Stored data:
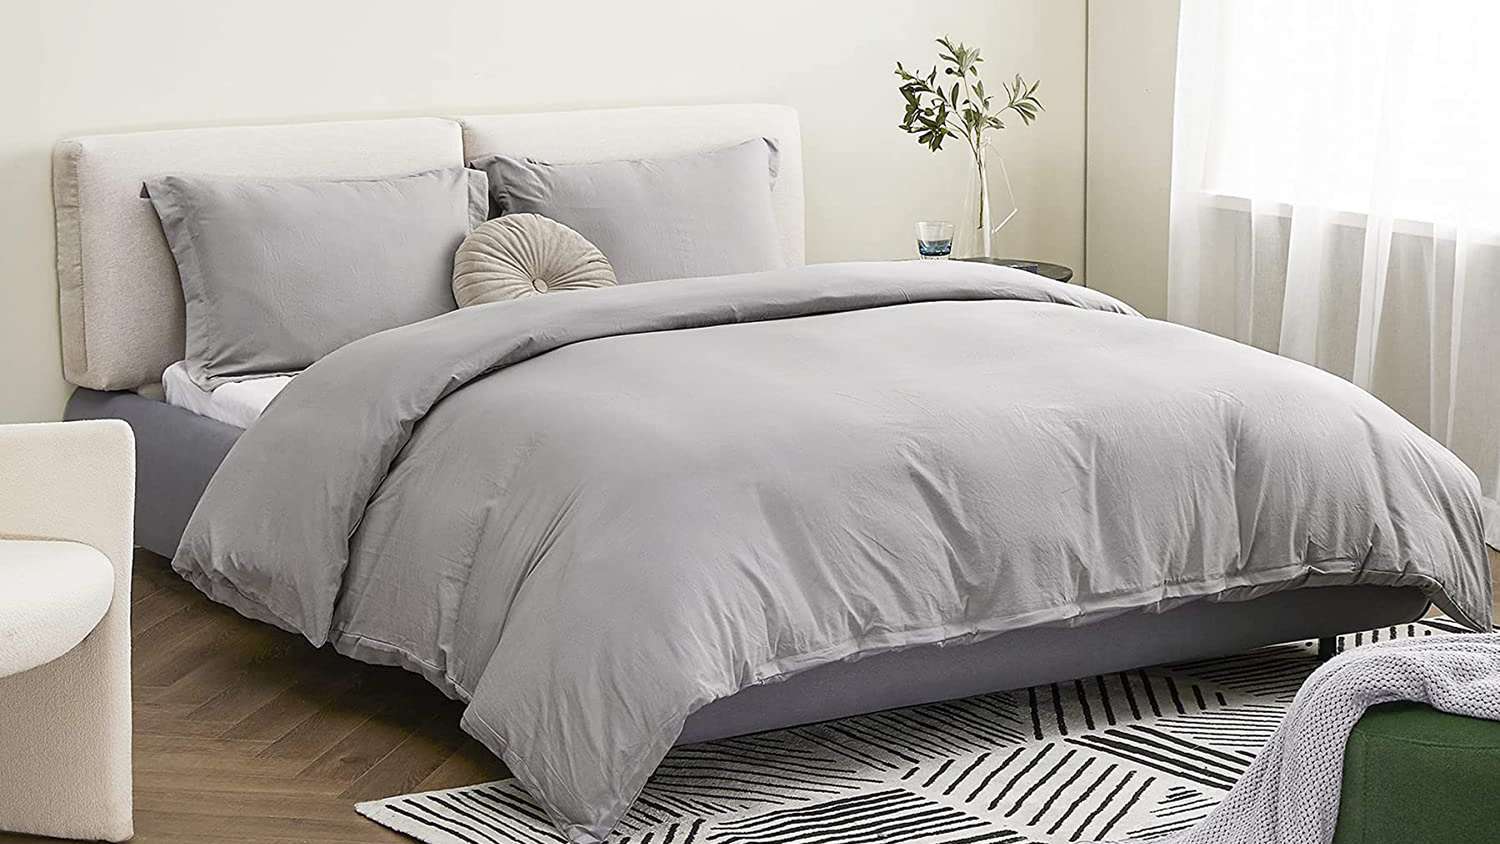 The 16 Best Duvet Covers You Can, Does A Duvet Insert Need Cover
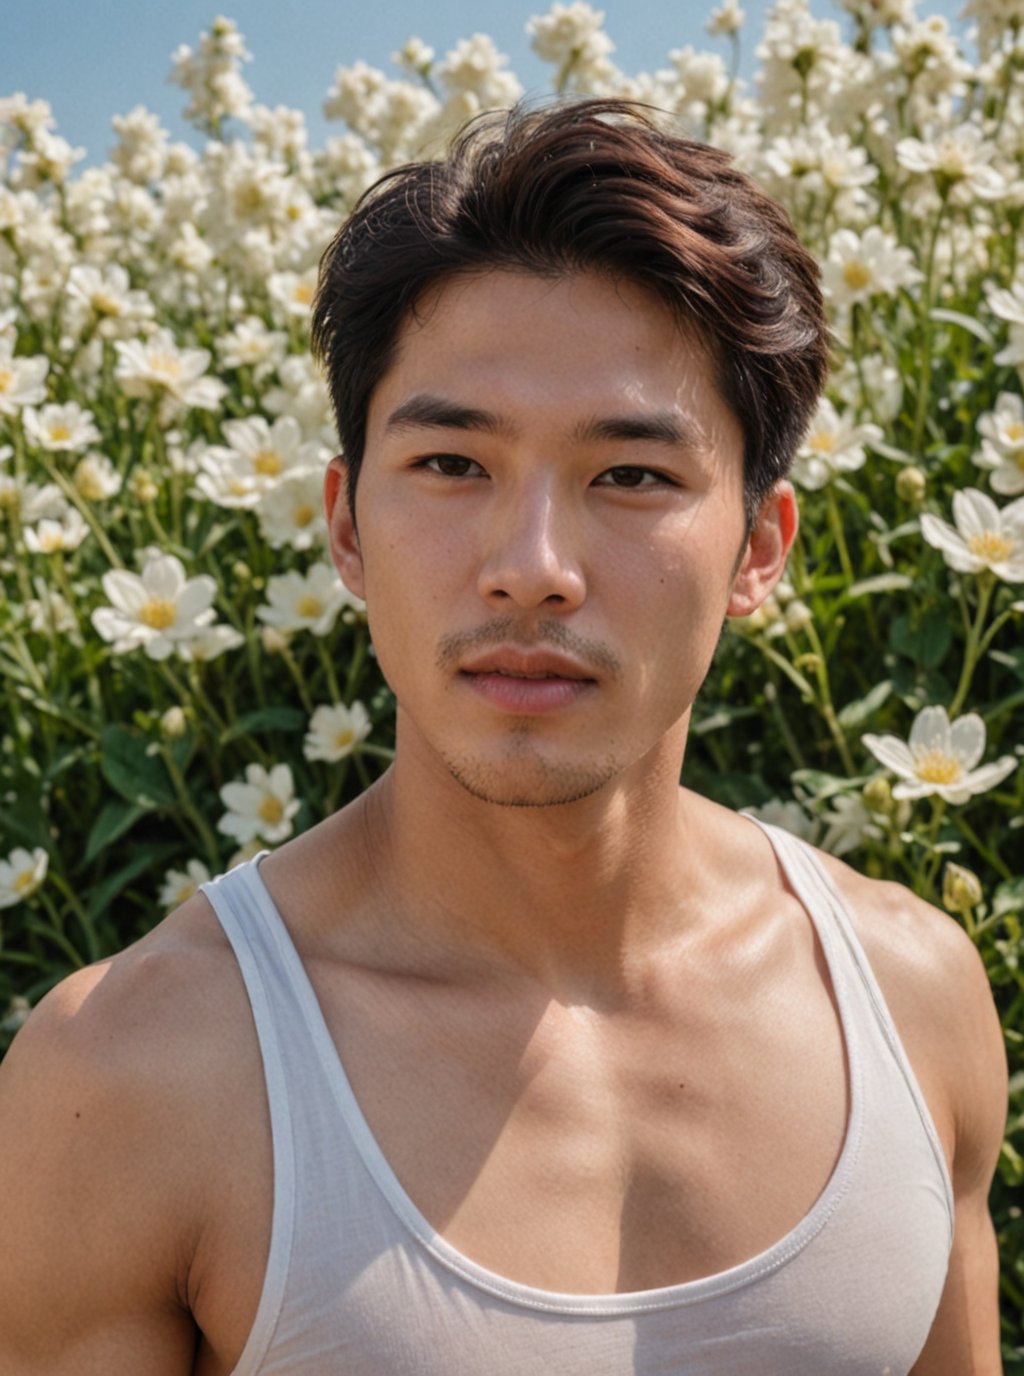 Handsome young man with Korean features, 29 years old, posing in a vast white  flowers field against an endless blue sky horizon. He stands strong, showcasing his toned physique and six-pack abs. His cheeky, mischievous expression is lit by the alluring sunlight, highlighting his healthy lips. Sony A7III captures the scene with precision using the  TTArtisan 100mm F2.8  Soft Bokeh Lens Full Frame ,Wide-Angle,Eye level perspective,emphasizing upper body details and strict facial features,high-impact strictly face detail, lifelike person, extremely realistic,  wearing white tank top,  perfect libs with sharp rendering 
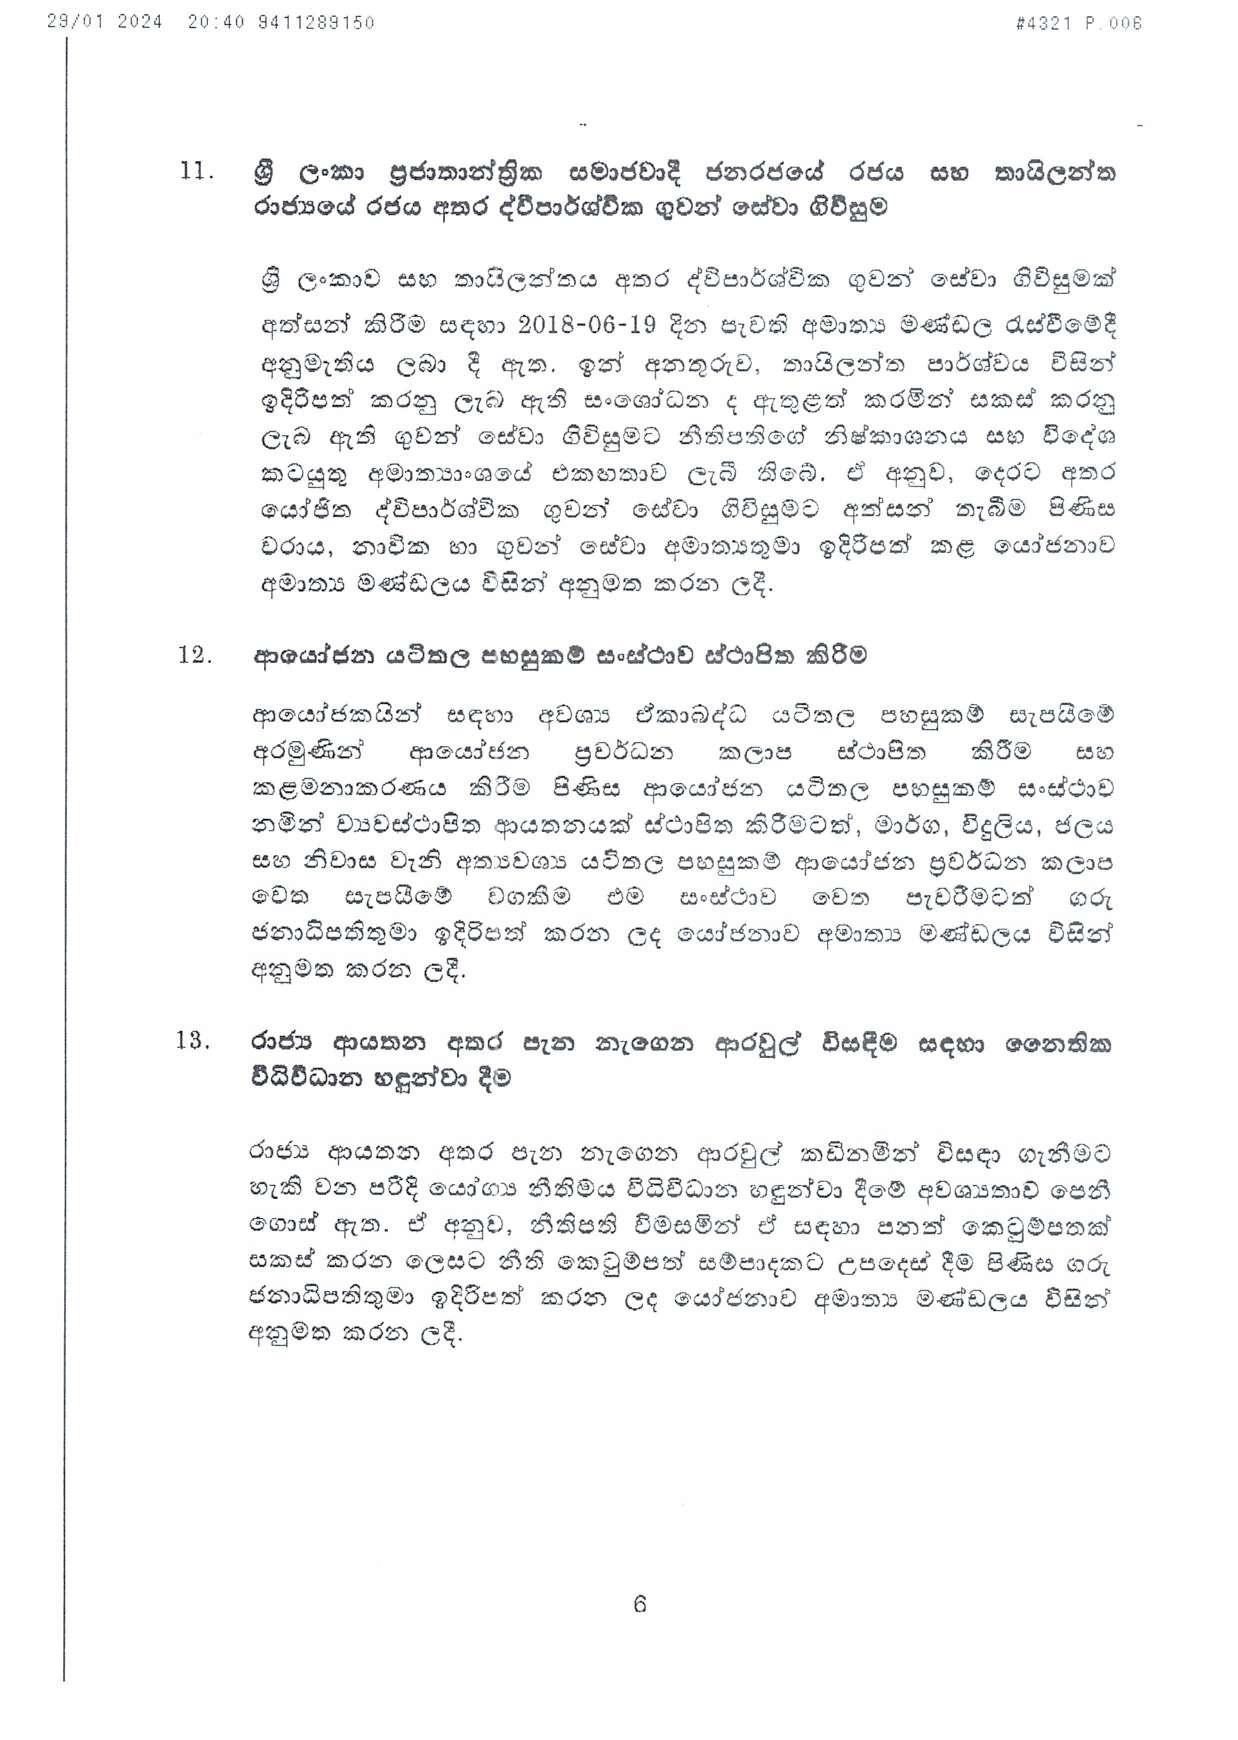 Cabinet Decisions on 29.01.2024 compressed page 006

What is needed: Print out the whole listing word for word. Leave the pictures out.

Written response:
 The 16 Best Duvet Covers You Can, Does A Duvet Insert Need Cover
 Handsome young man with Korean features, 29 years old, posing in a vast white  flowers field against an endless blue sky horizon. He stands strong, showcasing his toned physique and six-pack abs. His cheeky, mischievous expression is lit by the alluring sunlight, highlighting his healthy lips. Sony A7III captures the scene with precision using the  TTArtisan 100mm F2.8  Soft Bokeh Lens Full Frame ,Wide-Angle,Eye level perspective,emphasizing upper body details and strict facial features,high-impact strictly face detail, lifelike person, extremely realistic,  wearing white tank top,  perfect libs with sharp rendering 
 Cabinet Decisions on 29.01.2024 compressed page 006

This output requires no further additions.